Hemos acompañado a Diana al aeropuerto. Regresaba a su país. El momento de su salida de la Casa de la Esperanza parecía una película de los hermanos Marx. Todo el mundo se movía por la escena sin una dirección concreta, presos de un gran nerviosismo. En un determinado momento, alguien alzó la voz para afirmar: «Diana, es hora de irse». Ante esta oportuna advertencia, Lola se abalanza sobre ella para fundirse en un gran abrazo, el enésimo gran abrazo. «Se va un trozo de mi corazón», dice Lola entre sollozos.
Han sido solo cinco meses de convivencia, pero suficientes para convertirse en una familia, a pesar de la diversidad, a pesar de la disparidad que forman una mujer nigeriana con tres hijos y una rumana con uno. Ambas mujeres, junto a María Luisa y Milagros, las dos voluntarias que las siguen de cerca, han conseguido componer una familia donde todos, incluidos los niños, han estado más pendientes del otro que de sí mismos. Han sido cinco meses fecundos que, como no podía ser de otra manera, han dejado en sus corazones una huella profunda, ¡muy profunda!
En el camino hacia Barajas, Diana se mostraba muy nerviosa. Llamó de nuevo a su padre para asegurarse de que estaría en el aeropuerto de destino para recogerla. Mientras, el pequeño Carlos se quedó dormido abrazado a un “Mickey Mouse” de peluche más grande que él.
Diana había sido vendida por su madre a una familia zíngara. Ella no quería venir a España, pero se vio obligada. Ahora, cinco años después, regresa a encontrarse con los suyos, pero… ¿quiénes son los suyos?

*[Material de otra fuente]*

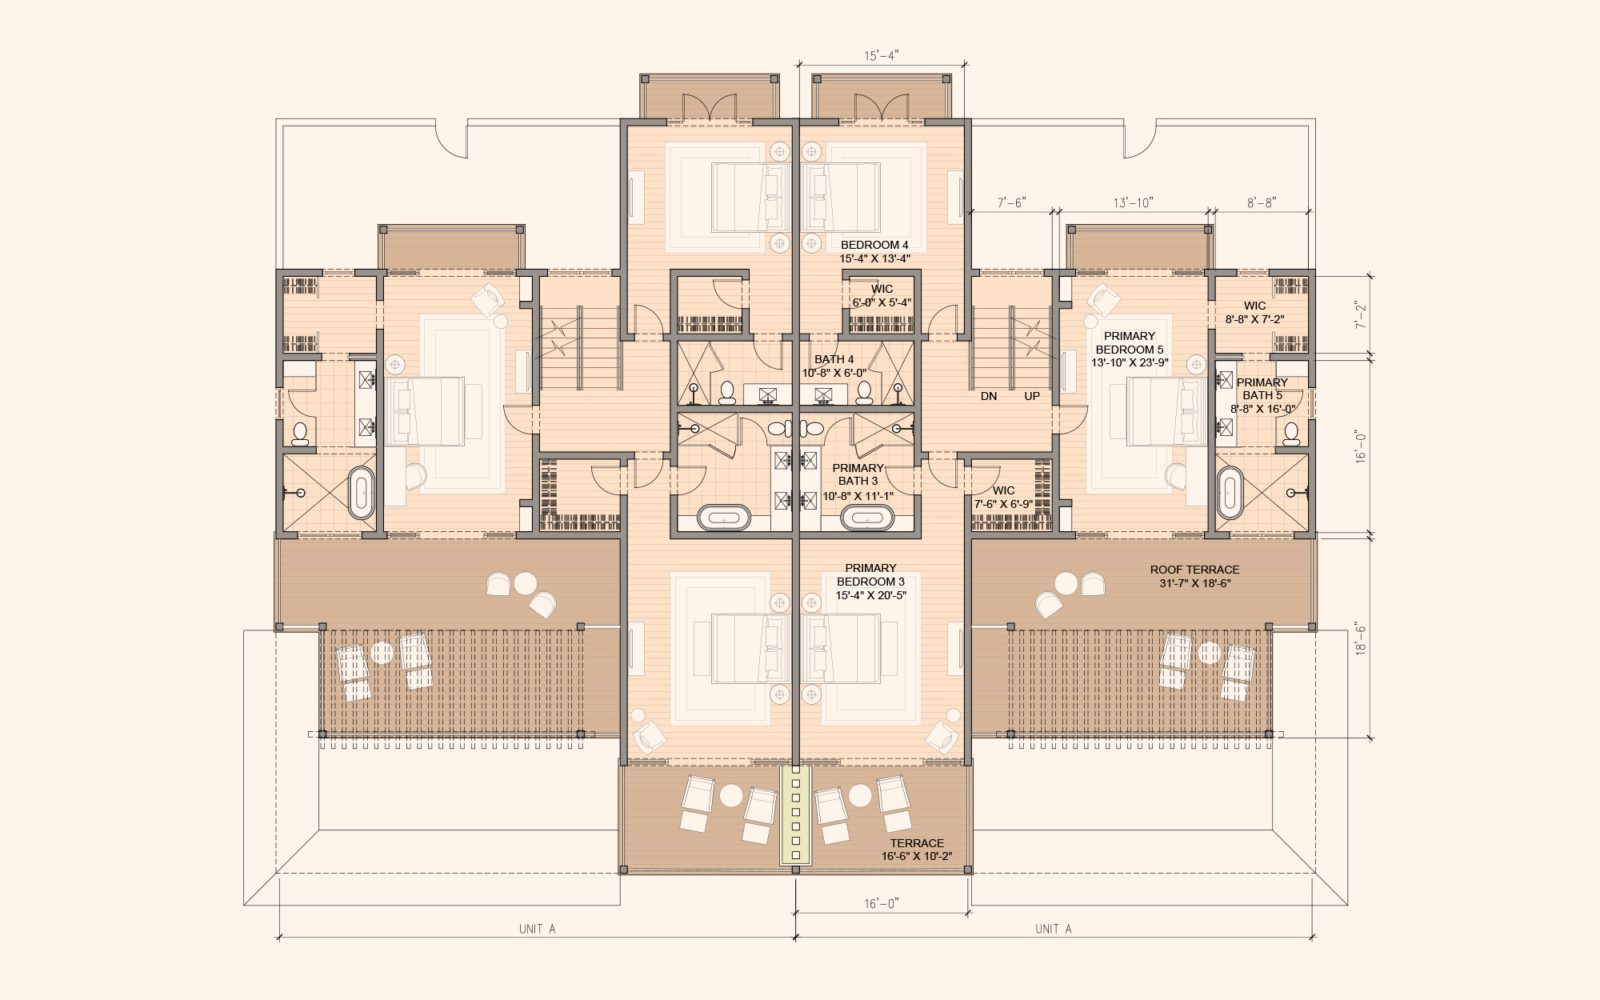 The upper level 5 bedroom floorplan

Aunque sus padres estén separados y su madre haya estado en el origen de sus desdichas, Diana habla de vez en cuando con ella, al menos una vez al mes. No le guarda rencor por haberse desprendido de ella de esa manera tan terrible. Incluso afirma que cuando consiga reunir un poco de dinero, irá a verla, porque su madre vive en un lugar muy distante de donde vive su padre.
En un momento de una cierta tranquilidad, aprovecho para preguntarle: «Diana, ¿han merecido la pena estos cinco años? ¿Qué te llevas de España?». Ella piensa un momento antes de responder. Unos instantes que se me antojan eternos. Como si quisiera encontrar en su memoria algo que ofrecer y esto se resistiera a salir. Finalmente mira al pequeño Carlos y dice sonriendo: «Sí, ha merecido la pena. Solo por mi hijo ha merecido la pena. Es lo más grande que me llevo de aquí».
Llegamos a nuestro destino y nos dirigimos al área de facturación. Entrega una gran maleta sobre la que yo mantenía mis reservas en cuanto al peso admitido, pero afortunadamente la báscula muestra un kilo menos el límite. Ya más ligeros avanzamos hasta la zona de control.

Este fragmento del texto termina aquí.